Thank you for writing about this. It deeply disturbed me as an undergrad to attend a forum billed as a discussion of "parallels in the women's movement of the Middle East and Mexico" and sit through an hour of violent anti-Israel apoplexy from supposedly forward thinking, well educated women hailing from around the world. Sadly it fell on deaf ears during a class discussion the next day that such an approach may be a tiny bit antithetical to feminist ideals.

Caroline Blecherman Sun. Nov 22, 2009

Thank you so much for publicizing this problem. In the United States, I have been aware that many women who consider themselves feminists are anti-Israel, but I didn't know how difficult it is for an Israeli woman to be a feminist and a Zionist. Working within the system, as you are doing, is the only answer. Denouncing our beloved Israel is a cop-out, so much easier than working to correct what may be imperfect.

Rina Copper Sun. Nov 22, 2009

There is nothing about Zionism that conflicts with feminism.

esthermiriam Mon.
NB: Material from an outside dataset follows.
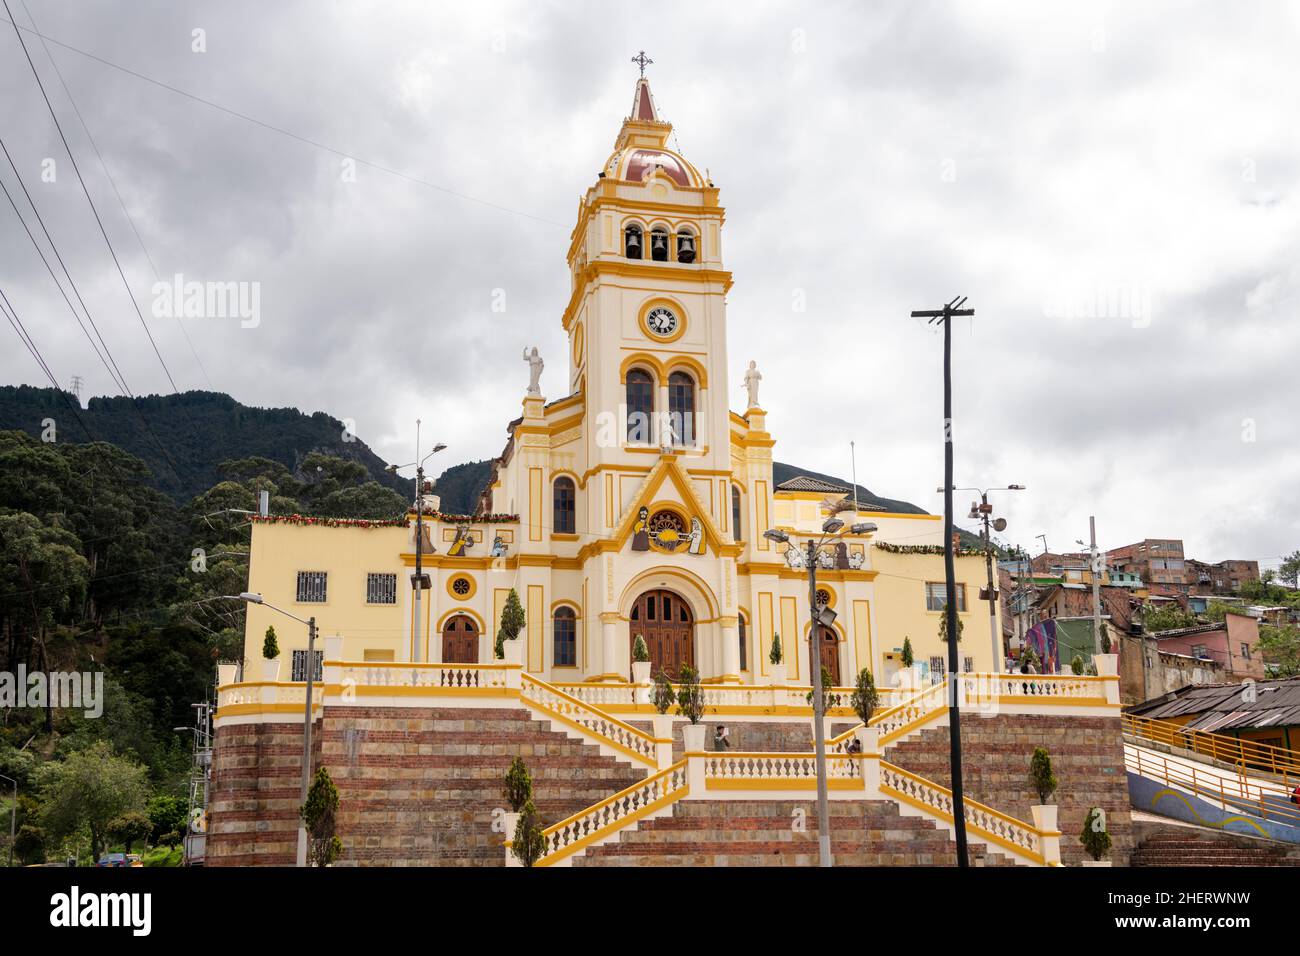 Église Iglesia de Nuestra Señora de Egipto, Bogta, Colombie.Situé en bordure du quartier autrefois célèbre des gangs de Barrio Egipto. Banque D'Images

Nov 23, 2009

You do seem to be lost -- what circles are you going around in?! What definitions are you offering of either of your key terms?

Surely you are aware of all the many women's groups based in Israel (Zionist by your definition), and all the American Jewish women's groups who support and contribute to them and tocauses in Israel like those you espouse; of the gender studies programs in both lands and elsewhere, of many readers of this blog. Aren't you?

So, good for your having concern about your work and/or sisterly critiques being mis-appropriated, and for being disturbed by anti-feminist, anti-Zionist threats. Aren't we all?